Coalition is a runaway success.

The UK Coalition on Runaways works to meet the needs of smaller charities.

For the founders of the UK Coalition on Runaways, size really does matter. The group is unusual among charity partnerships in that it was deliberately set up to meet the needs of smaller organisations.

"We wanted to get the smaller organisations involved, the ones that don't always get the chance to meet government," says Andy McCullough, UK policy and strategy adviser at Crewe-based charity Railway Children.

He adds: "The idea behind the coalition is to have an honest dialogue about the relationships between larger and smaller charities."

McCullough joined Railway Children, which helps street children, from the Children's Society and was immediately struck by the sense of isolation. "For the first time, I felt quite excluded from what was going on, from the sharing of knowledge," he says.

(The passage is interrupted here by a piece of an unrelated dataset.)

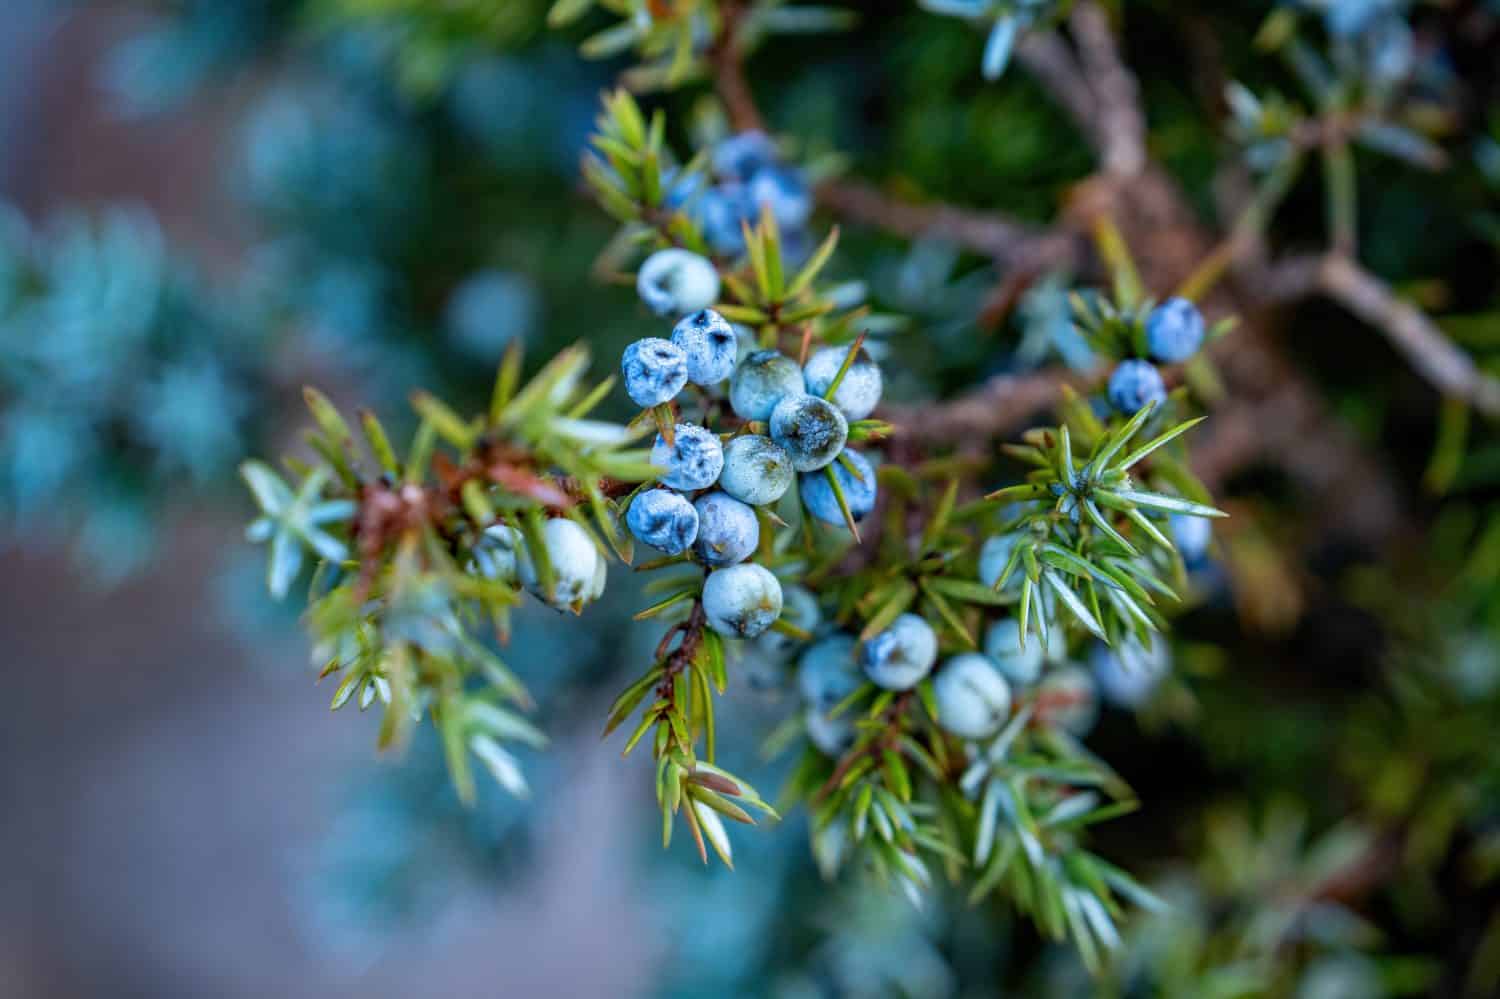 juniper a special spice from the forest

A meeting was organised with his old employers, Get Connected and the National Missing Person's Helpline, which runs the Runaway Helpline, and the idea of the coalition was born.

Still in its early stages, the coalition helped persuade MPs Helen Southworth (Labour, Warrington South) and Paul Burstow (Liberal Democrat, Sutton and Cheam) to set up the All-Party Parliamentary Group on Runaways. The group now has the support of 30 MPs.

But the young coalition's main aim was to recruit smaller organisations.

"We went to the small ones first on purpose," says McCullough. Groups such as Alternatives to Running Away, based in Gloucester, Talk Don't Walk from Warrington and Yorkshire's Safe At Last were among the first to join.

The coalition was formally launched last month, with a membership of 27. The NSPCC, which now runs ChildLine, is among the larger charities that have now joined.

A paid independent chair will be appointed to "counterbalance the view that the big charities always get their feet under the table", as McCullough puts it.

Depending on the desires of the membership, the coalition can share best practice, launch campaigns or attempt to influence government behind the scenes.

"I think that when large charities get involved, they tend to want to run with things because they have larger infrastructures," says McCullough.

"But so far I have been pleasantly surprised that they do understand it's a coalition and we have to find common ground."